KB Home is a turnaround story
Like virtually every builder, KB (KBH) struggled with cash burn in the post-bubble years. KB made some strategic decisions to focus on its most profitable metropolitan statistical areas and spend heavily, buying land at rock-bottom prices. Plus, it’s dealing with a lawsuit. As KB executes its turnaround, it will almost inevitably hit some bumps on the road. The fourth quarter of 2013 was one of them, where KBH attributed the drop in orders to a shift in focus to the more profitable and fast-growing coastal markets, and also some delays in new communities. It appears that some of those issues were temporary, as orders increased in every region in the first quarter of 2014.
Earnings per share
Net income increased to $10.6 million on a GAAP basis, compared to a loss of $12.5 million the year before. These numbers include some special items.
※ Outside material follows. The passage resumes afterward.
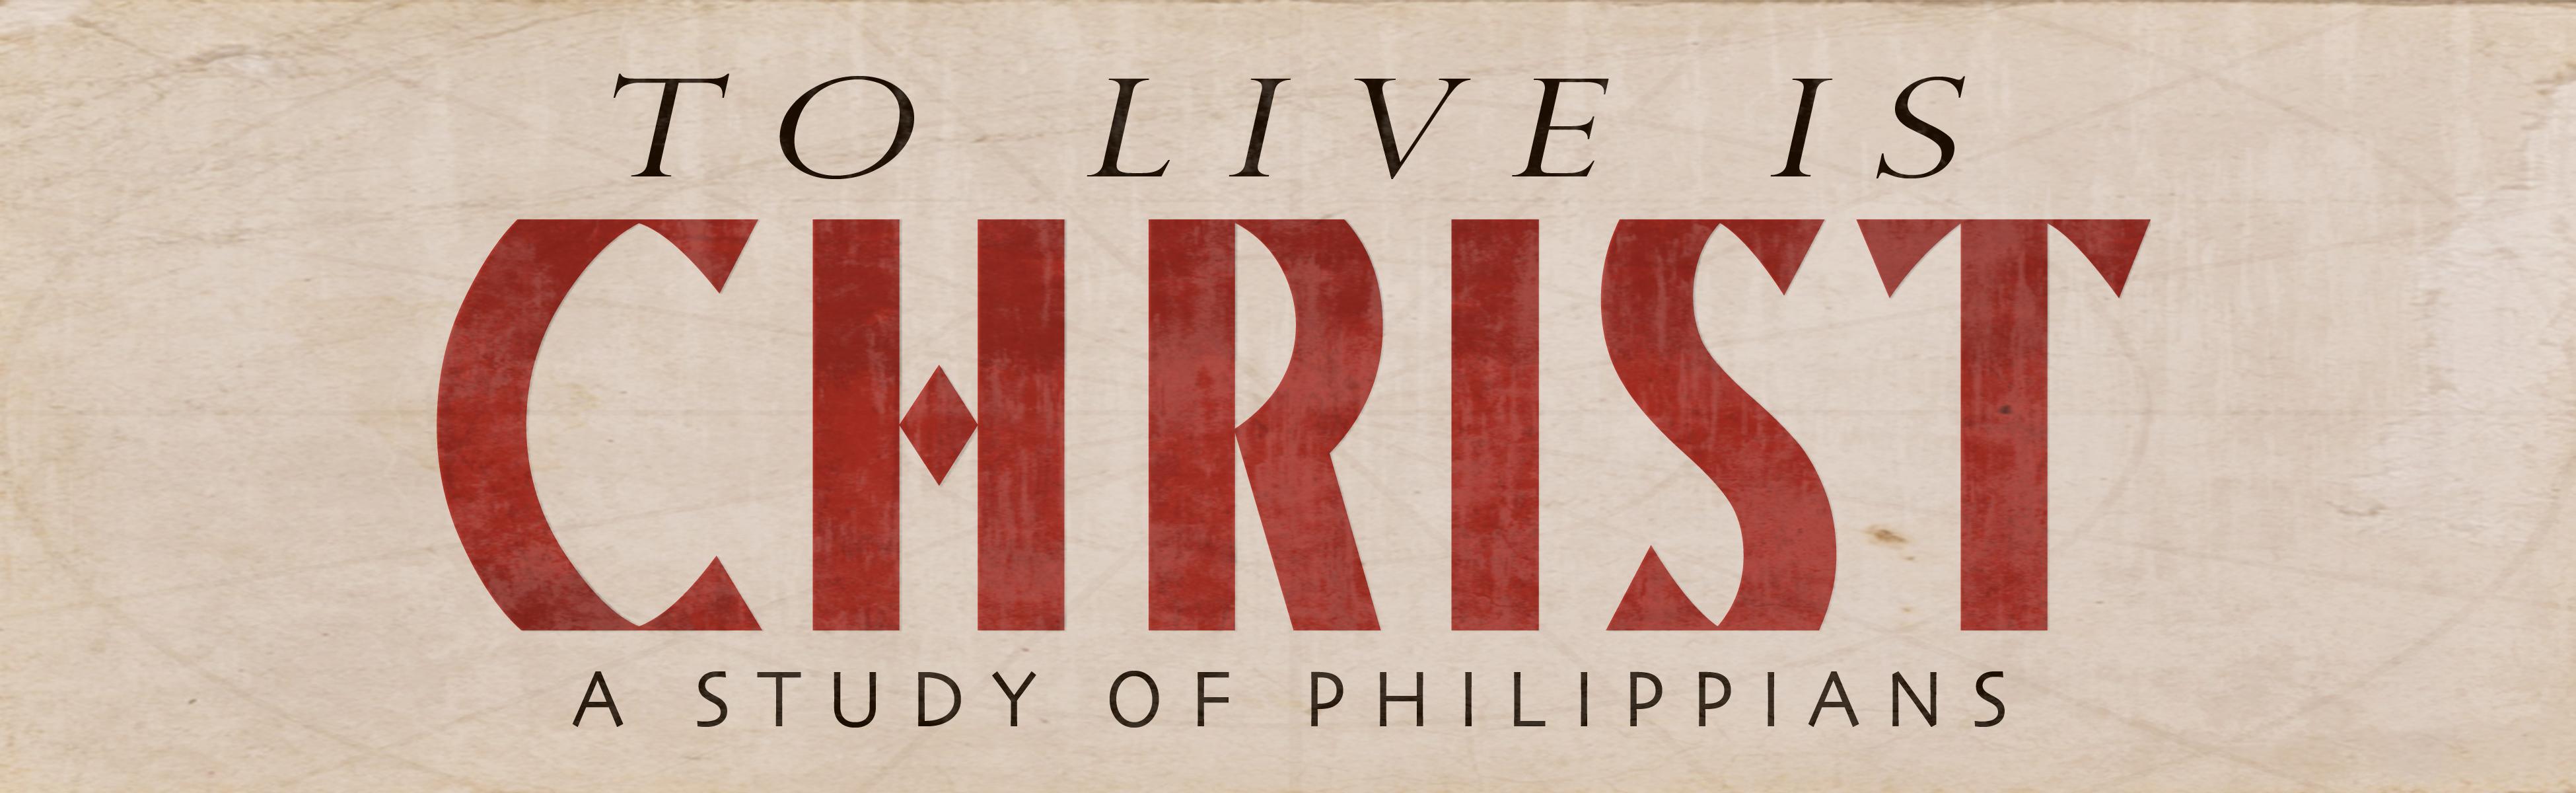 Philippians_13x4_final.jpg
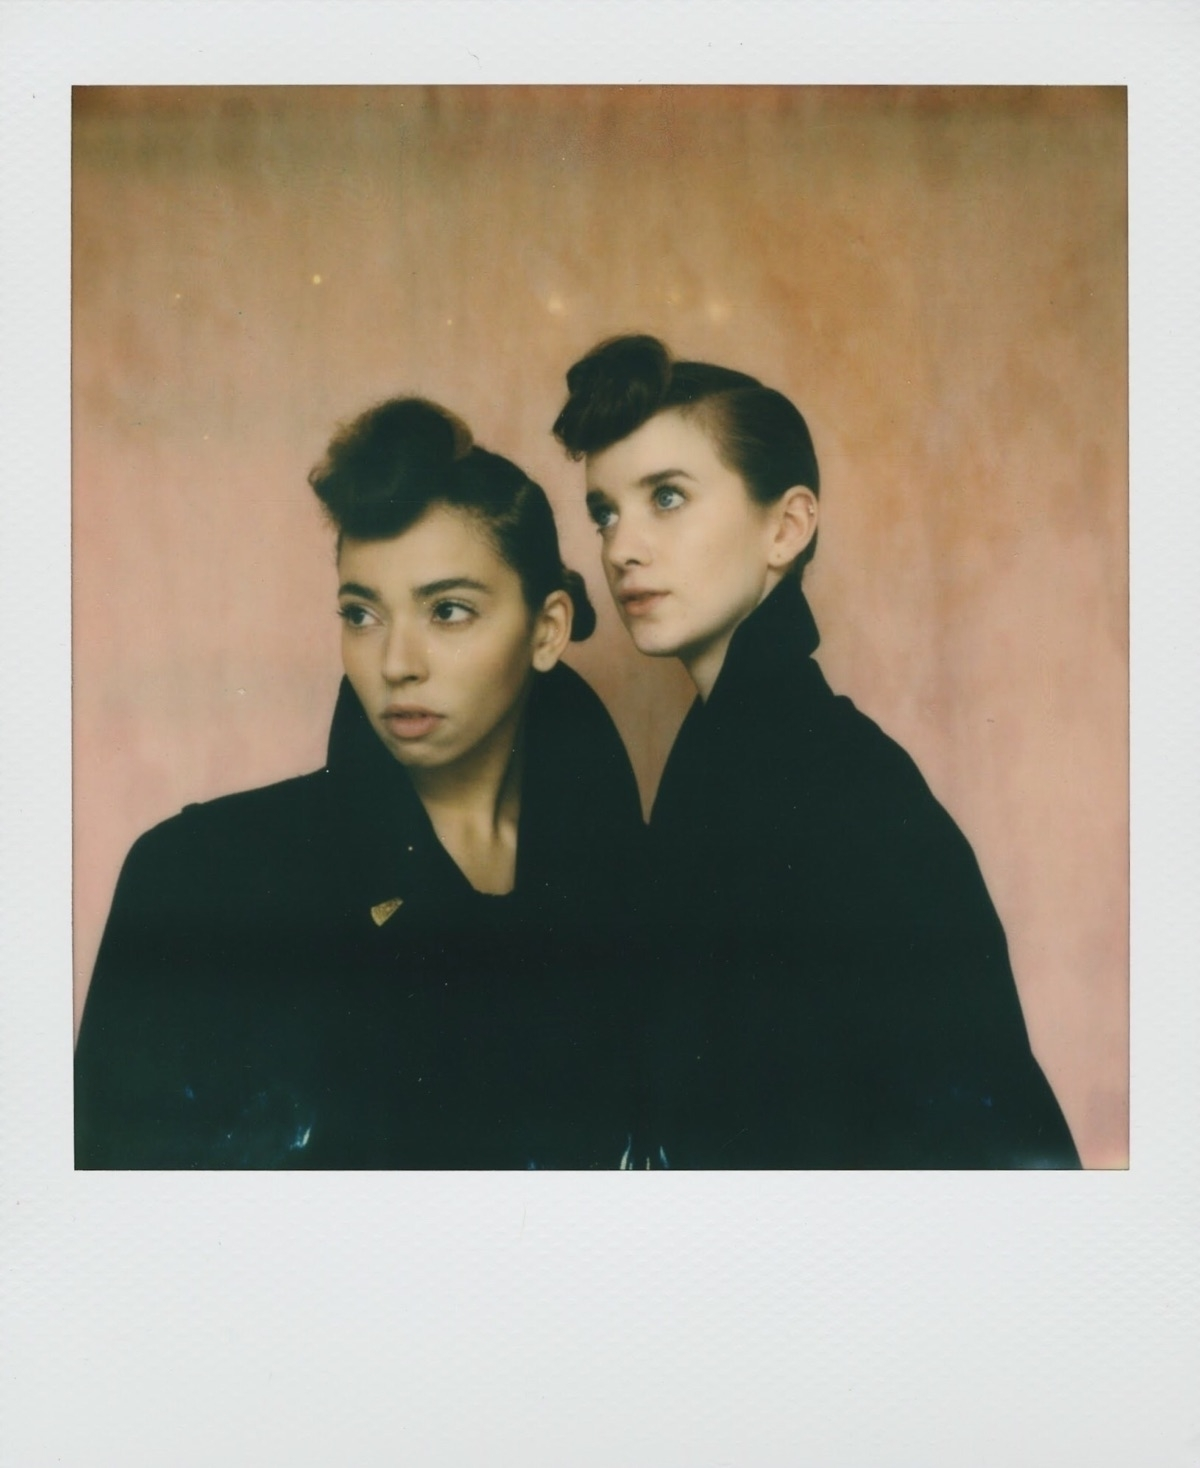 Polaroid, polaroidoriginals - _micaela | ello

The company reported an extraordinary gain on the sale of an unconsolidated joint venture in Maryland. This was the first profitable Q1 for the company since 2007. Last year was the first year of positive net income since 2006.
Costs will rise in the future
The homebuilders have been in an enviable position over the past year, with the ability to raise prices pretty much at will, and costs that have been increasing at a slower pace. That dynamic is definitely going to change. Labor costs are increasing—especially in the skilled construction trades. Because the housing bust was so long and so deep, many construction workers left the industry to pursue new careers, primarily in the energy sector and trucking.
Second, as home price appreciation begins to cool, the builders will have to focus on increasing the volume to drive revenue growth. This means increased competition for building materials, which means lower gross margins, as cost of goods sold increases. This will act as a drag on profitability going forward, although demand should remain strong. This will be an issue for other builders like D.R Horton (DHI), Lennar (LEN), PulteGroup (PHM) and Toll Brothers (TOL).
© 2013 Market Realist, Inc.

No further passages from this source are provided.